Snake Oil
With the National Health Care bill before congress the cost of health care has been on everyone’s minds lately. Despite outspending other nations by orders of magnitude our level of national health is nowhere near as stellar. First our spending:
Current estimates put U.S. health care spending at approximately 15.2% of GDP, second only to the tiny Marshall Islands among all United Nations member nations. The health share of GDP is expected to continue its historical upward trend, reaching 19.5 percent of GDP by 2017.
Next the level of health:
The World Health Organization (WHO) in 2000 ranked the U.S. health care system first in both responsiveness and expenditure, but 37th in overall performance and 72nd by overall level of health (among 191 member nations included in the study).
The conclusion here is that we massively overspend for what utility we are getting. Part of the problem is of course the number of uninsured, who’s only option is often to go to the emergency room, the most expensive way to seek care, but there is more to the story.
A large part of the cost comes from the fact that American’s and our health care system do not focus on preventive medicine. Like with most issues we wait until there is a crisis and are then forced to spend far more fixing a problem that could have been avoided. This is illustrated by the fact that most of the major killers in America are lifestyle illnesses, that arise out of poor diet, lack of exercise, and toxicity and mutation due to the vile untested chemicals that pollute our environment, food, body-care products, and household goods, most untested for bioactivity. Avoidable medical errors too account for a large number of the deaths in the US.

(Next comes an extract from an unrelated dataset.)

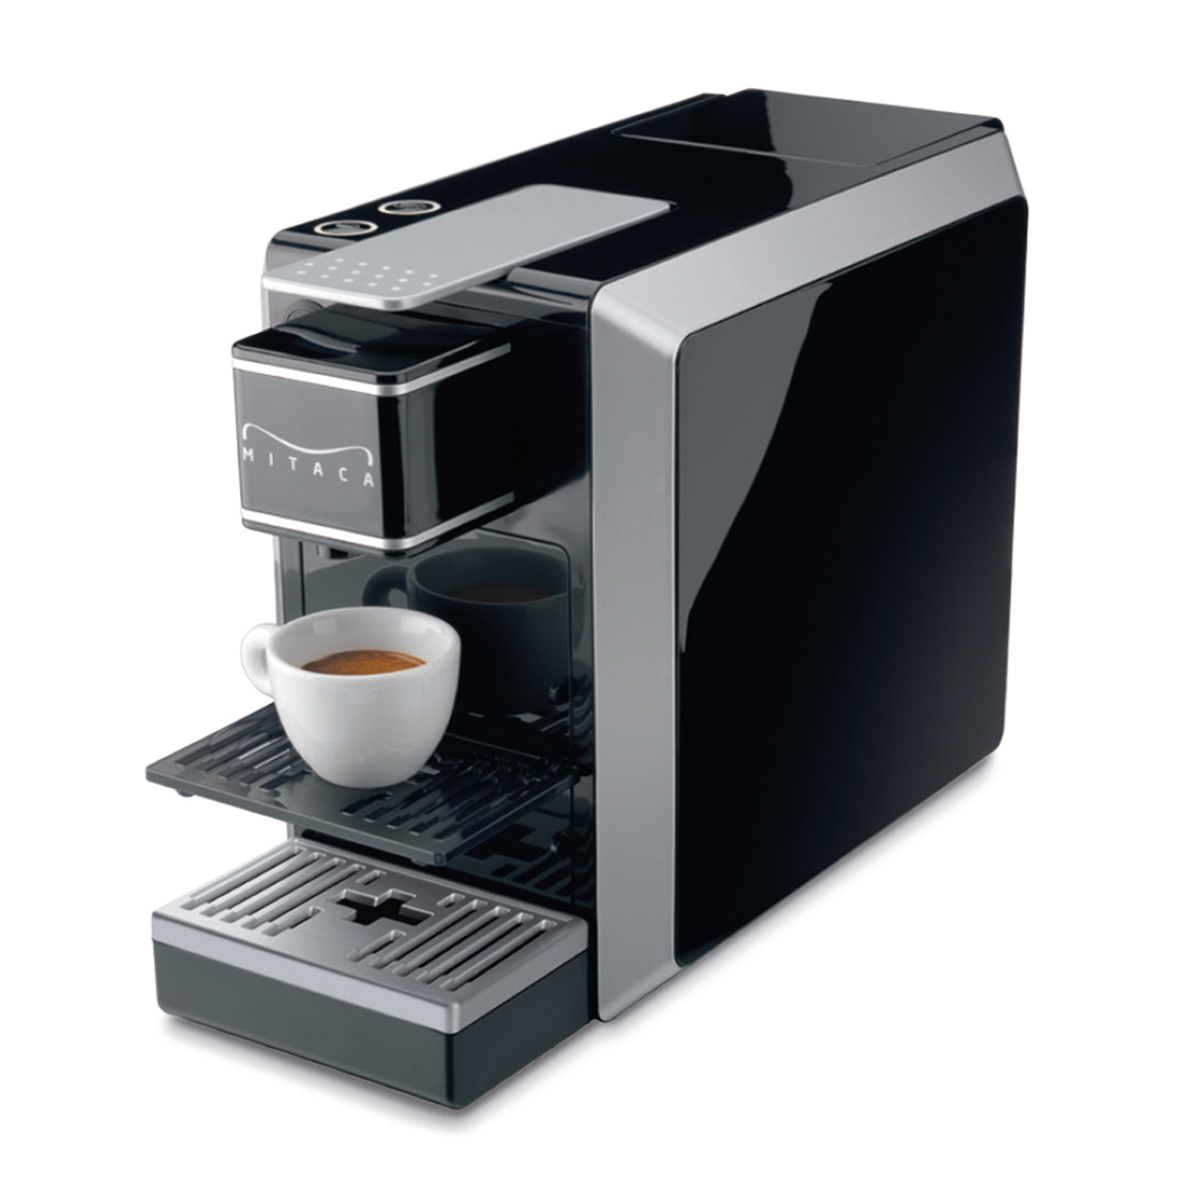 Machine à Café Illy Mitaca I9 (400 Doses)

An outgrowth of this mode of treatment is our reliance on high-cost technological solutions to health issues that are best addressed by prevention in the first place. This is comprised of medical equipment, which while expensive has a long life and the costs can be amortized over many patients, and pharmaceuticals. Pharmaceutical drugs turn out to be one of the major culprits behind ballooning health care costs, and Americans massively overpay for them relative to any other nation in what amounts to a US subsidy to Pharmaceutical companies:
Prescription drug prices in the United States are the highest in the world. “The prices Americans pay for prescription drugs, which are far higher than those paid by citizens of any other developed country, help explain why the pharmaceutical industry is — and has been for years — the most profitable of all businesses in the U.S. In the annual Fortune 500 survey, the pharmaceutical industry topped the list of the most profitable industries, with a return of 17% on revenue.” The high price of prescription drugs is one of the major areas of discussion in the U.S. health care reform debate.
Prices of brand name drugs in the United States are significantly higher than in Canada, India, the UK and other countries, nearly all of which have price controls. Prices for generic drugs tend to be higher in Canada. The price differential for brand-name drugs between the U.S. and Canada has led Americans to purchase more than US$1 billion in drugs per year from Canadian pharmacies.

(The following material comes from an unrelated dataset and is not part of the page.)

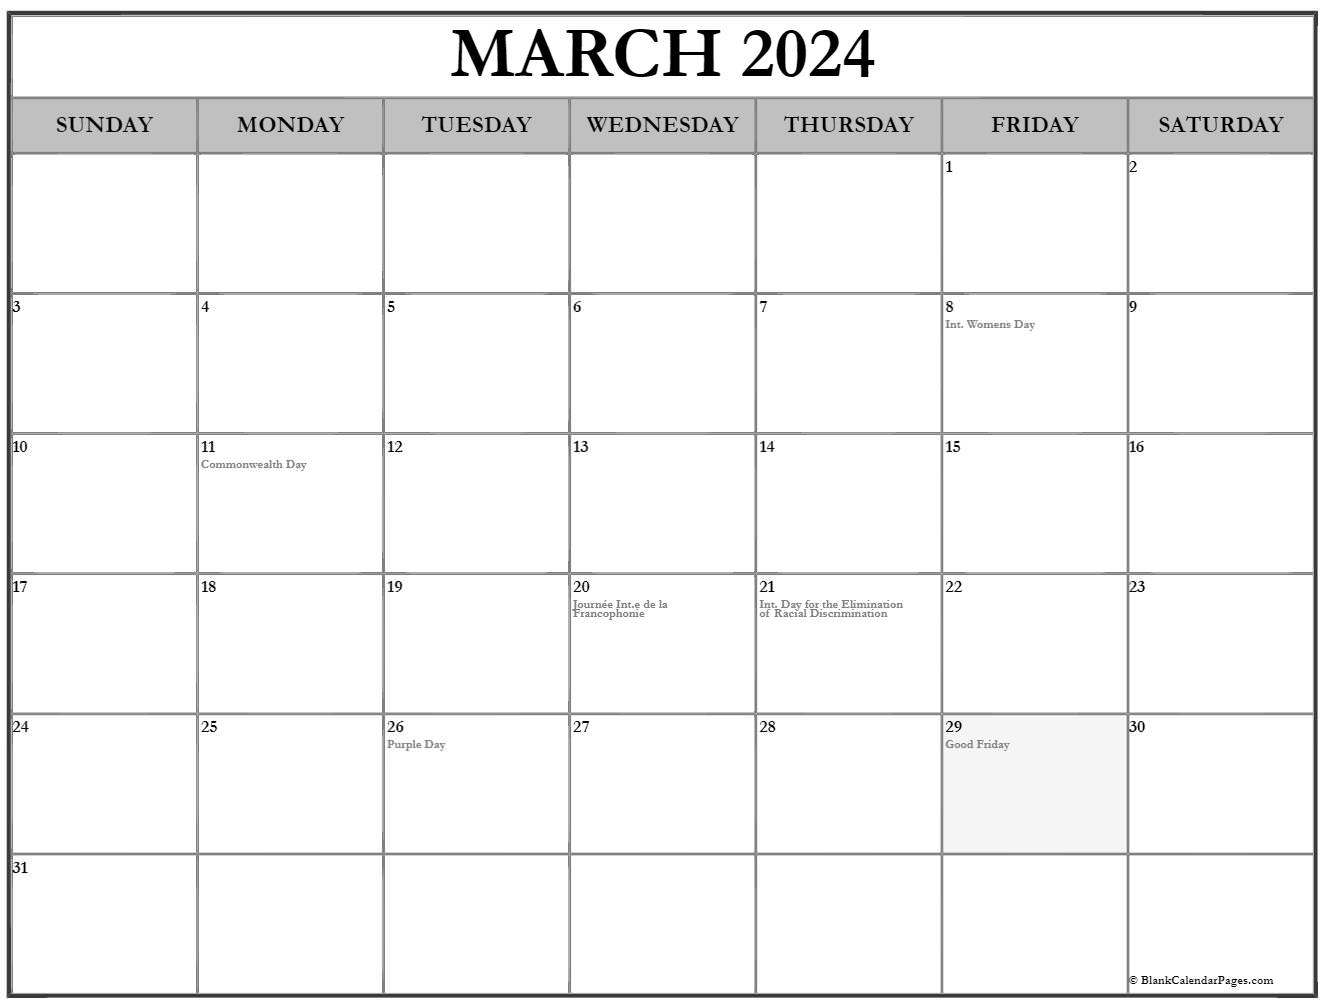 29 March 2024 Public Holiday Jana Rivkah

How can we let this happen you ask? Largely because the Pharmaceutical cash cows consistently spend as much or more than any other industry on lobbying in Washington (Big Oil and Drug companies switch places for number one depending on the time-frame you look at):
The pharmaceutical and health products industry has spent more than $800 million in federal lobbying and campaign donations at the federal and state levels in the past seven years, a Center for Public Integrity investigation has found. Its lobbying operation, on which it reports spending more than $675 million, is the biggest in the nation. No other industry has spent more money to sway public policy in that period. Its combined political outlays on lobbying and campaign contributions is topped only by the insurance industry.The drug industry’s huge investments in Washington—though meager compared to the profits they make—have paid off handsomely, resulting in a series of favorable laws on Capitol Hill and tens of billions of dollars in additional profits. [See What the Industry Got.] They have also fended off measures aimed at containing prices, like allowing importation of medicines from countries that cap prescription drug prices, which would have dented their profit margins. Pfizer, the world’s largest drug company, made a profit of $11.3 billion last year, out of sales of $51 billion.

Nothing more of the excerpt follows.